13. An apparatus for processing a workpiece, comprising: an
electroplating reactor including a reactor vessel for holding an
electrolyte; an anode array disposed in said reactor vessel at a
position for immersion in the electrolyte solution, said anode
array comprising a plurality of concentric anode segments having
differing radial dimensions, said concentric anode array being
arranged so that it is co-axial with respect to the workpiece to
thereby facilitate uniform deposition of electroplated metal on
said workpiece, and a mounting base upon which said anode segments
are mounted, and dielectric projections in fixed relation with the
mounting base and proceeding between at least one pair of adjacent
anode segments, the dielectric projections dimensioned to extend
axially beyond the at least one pair of adjacent anode segments for
facilitating uniform deposition of electroplated metal on the
workpiece.
14. An apparatus as claimed in claim 13 wherein the workpiece is
generally disc-shaped and wherein the plurality of concentric anode
segments are generally ring-shaped.
Description
CROSS-REFERENCE TO RELATED APPLICATIONS
Not Applicable.
Statement Regarding Federally Sponsored Research or Development
Not applicable.
BACKGROUND OF THE INVENTION
The present invention relates generally to an electroplating
apparatus for plating of semiconductor components, and more
particularly to an electroplating apparatus, including a segmented
anode array comprising a plurality of concentrically arranged anode
segments which can be independently operated to facilitate uniform
deposition of electroplated metal on an associated workpiece.
Production of semiconductive integrated circuits and other
semiconductive devices from semiconductor wafers typically requires
formation of multiple metal layers on the wafer to electrically
interconnect the various devices of the integrated circuit.
Electroplated metals typically include copper, nickel, gold and
lead.
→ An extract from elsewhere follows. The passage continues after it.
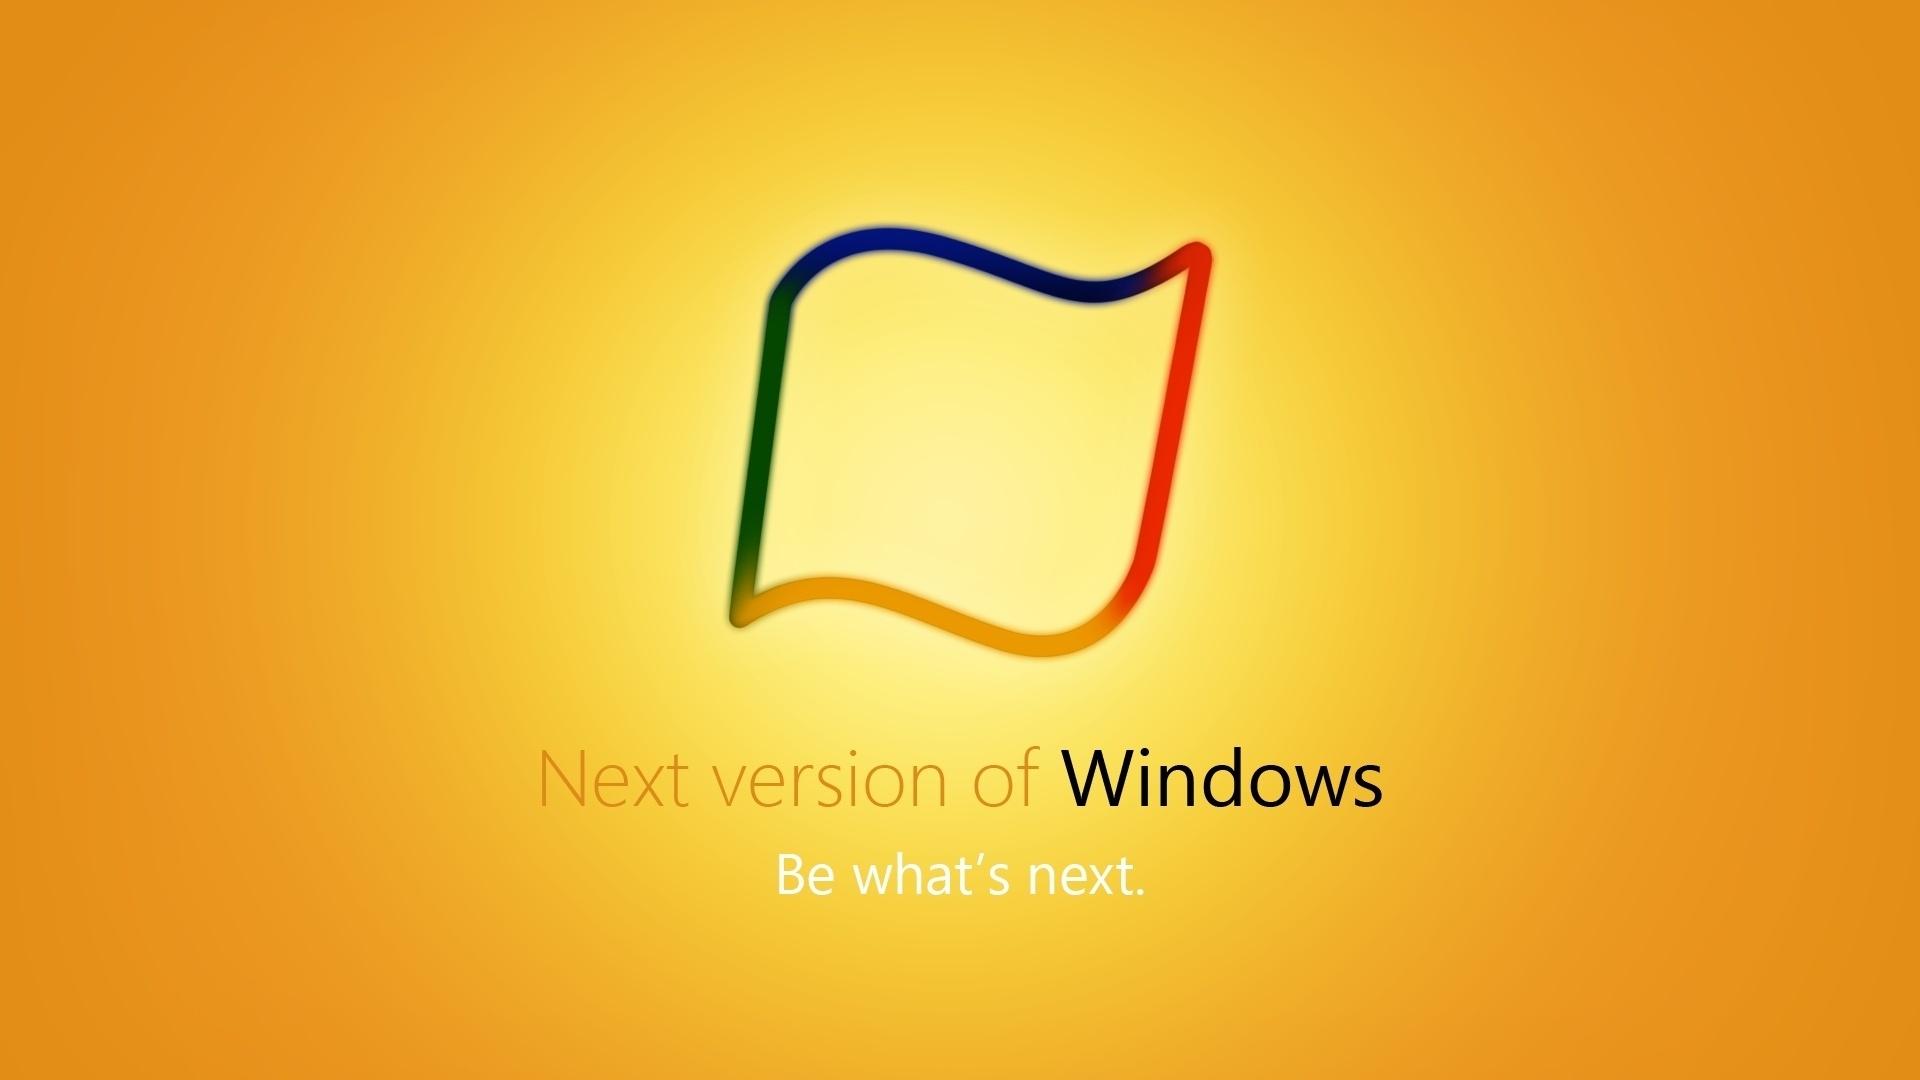 http://1.bp.blogspot.com/-XVoSXx-LyHg/UHVnDGslXQI/AAAAAAAAL0Q/lRLQRQoreKY/s0/next-windows-8-1920x1080-wallpaper.jpg
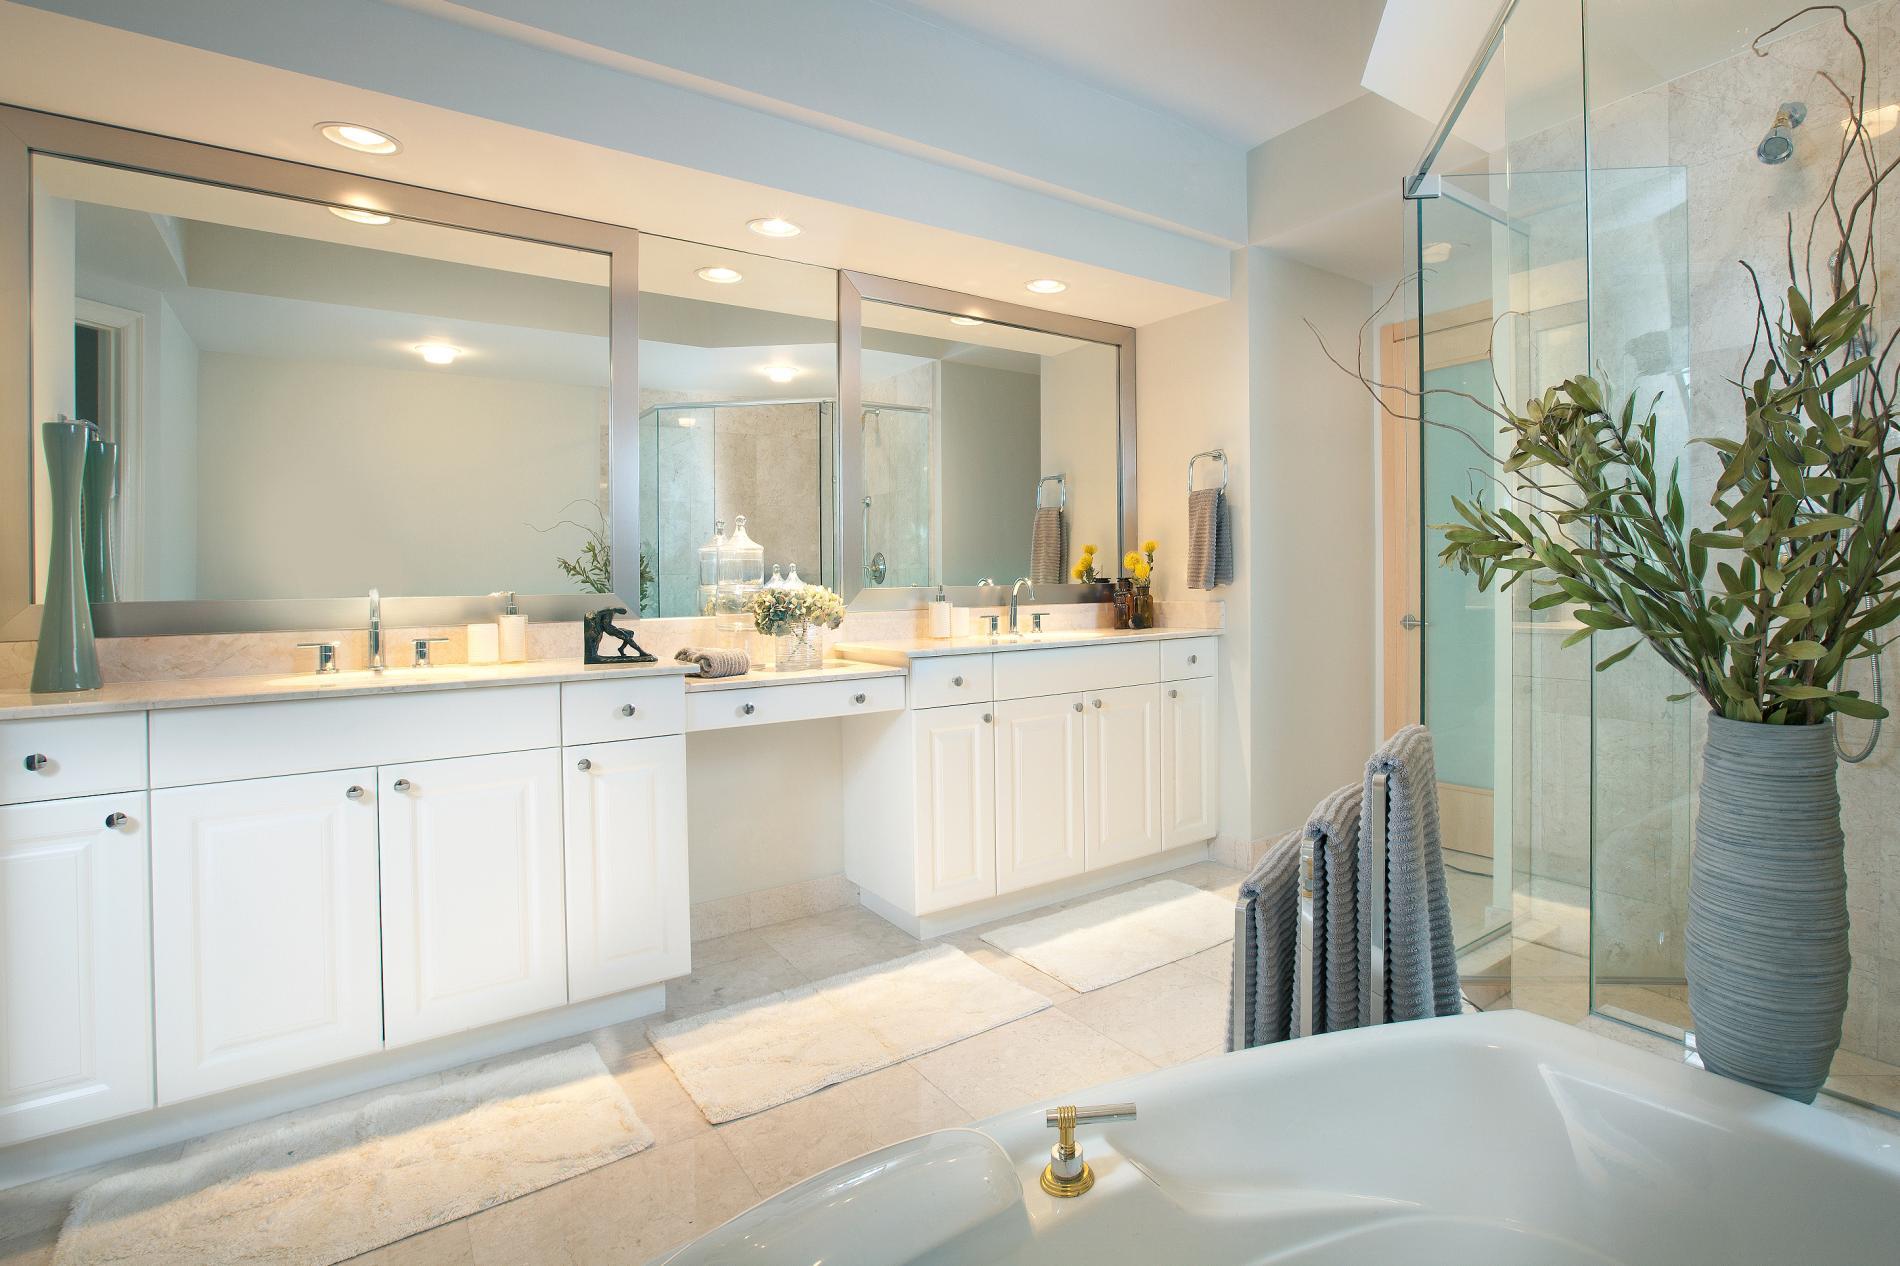 дизайн интерьера ванной комнаты.jpg

Electroplating is effected by initial formation of a
so-called seed layer on the wafer in the form of a very thin layer
of metal, whereby the surface of the wafer is rendered electrically
conductive. This electroconductivity permits subsequent formation
of a so-called blanket layer of the desired metal by electroplating
in a reactor vessel. Subsequent processing, such as chemical,
mechanical planarization, removes unwanted portions of the metal
blanket layer formed during electroplating, resulting in the
desired patterned metal layer in a semiconductor integrated circuit
or micro-mechanism being formed. Formation of a patterned metal
layer can also be effected by electroplating.
Subsequent to electroplating, the typical semiconductor wafer or
other workpiece is subdivided into a number of individual
semiconductor components. In order to achieve the desired formation
of circuitry within each component, while achieving the desired
uniformity of plating from one component to the next, it is
desirable to form each metal layer to a thickness which is as
uniform as possible across the surface of the workpiece. However,
because each workpiece is typically joined at the peripheral
portion thereof in the circuit of the electroplating apparatus
(with the workpiece typically functioning as the cathode),
variations in current density across the surface of the workpiece
are inevitable. In the past, efforts to promote uniformity of metal
deposition have included flow-controlling devices, such as
diffusers and the like, positioned within the electroplating
reactor vessel in order to direct and control the flow of
electroplating solution against the workpiece.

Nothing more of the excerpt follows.